"Time changes nothing, girl, but the size of your underwear...and hopefully your hairdo." Minton Sparks unique brand of performance art has brought the rural South to life for the many fans who flock to her shows and relive them through her audio releases. Now, the Grammy-nominated artist has committed some of her most popular poems and stories to print. The thirty pieces collected here veer from heartbreak to hilarity and back again, as Sparks shares her memories of growing up in small-town Tennessee. This unusual family may not walk the straight and narrow, but they're guaranteed to walk straight into your heart and mind, and linger. Like an old-time preacher, Sparks draws her audience in with compelling storytelling while leaving them with something essential to ponder. Desperate Ransom takes readers on a journey into the heart of an extraordinary family, demonstrating once again that Sparks is a ground-breaking artist--and a true American treasure.

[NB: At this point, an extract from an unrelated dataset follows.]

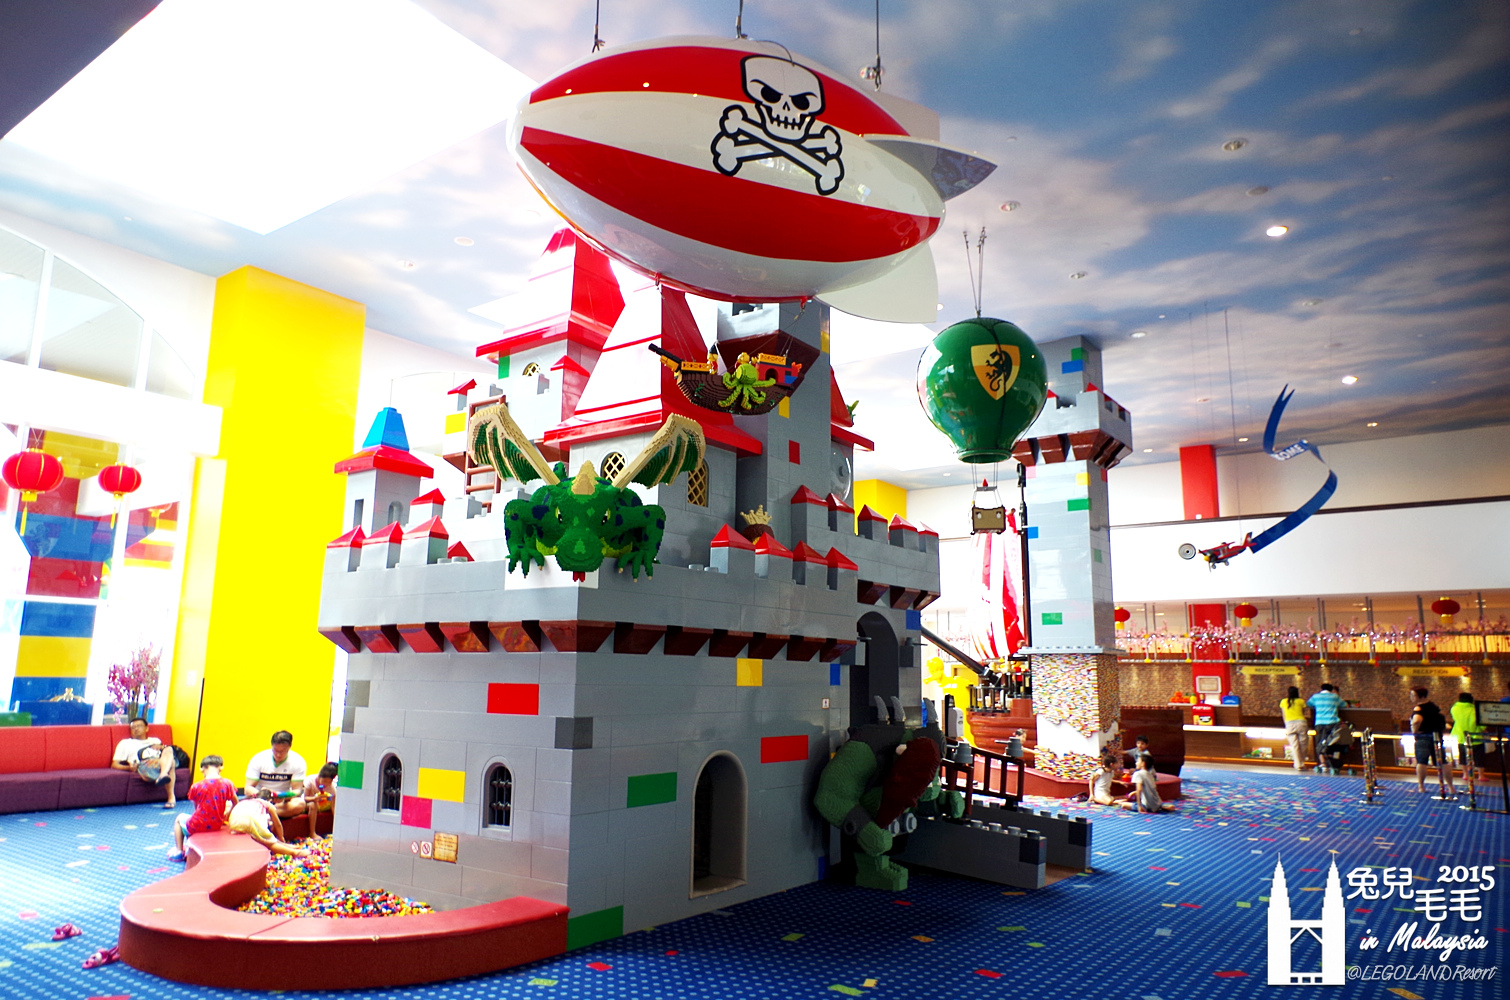 0216-Legoland Malaysia Resort-07.jpg

Minton Sparks wowed me at the Fishtrap writing workshop this summer. She doesn’t just write and read what she writes. She performs it, she acts it, she enlivens it. Reading this book of poems and stories, I hear her voice. On paper, these portraits of rural southerners are beautiful. The language is spare, original, and so specific that we immediately know and love these people. But when Sparks brings them to life on stage, she grabs your heart and never lets it go. So read this book and her other book White Lightning, but also visit her website at mintonsparks.com to see and hear what she does with them.
Having seen Minton Sparks at the Tejas Storytelling Festival I wanted to read her books. She makes no excuses that her family can be complicated and her poems introduce us to interesting characters. As I read her poems and prose in the book I could hear her voice as she had performed them. If you are not afraid to peel back the layers of your own family you will find something to relate to in the book. Be sure to take time to listen to the CD.
My mom asked me to read this because she disliked it so much. I don't like reading "assignments," and this is not my kind of book. But I found more to like in it than mom did. It's gritty and unflinching, but not unkind.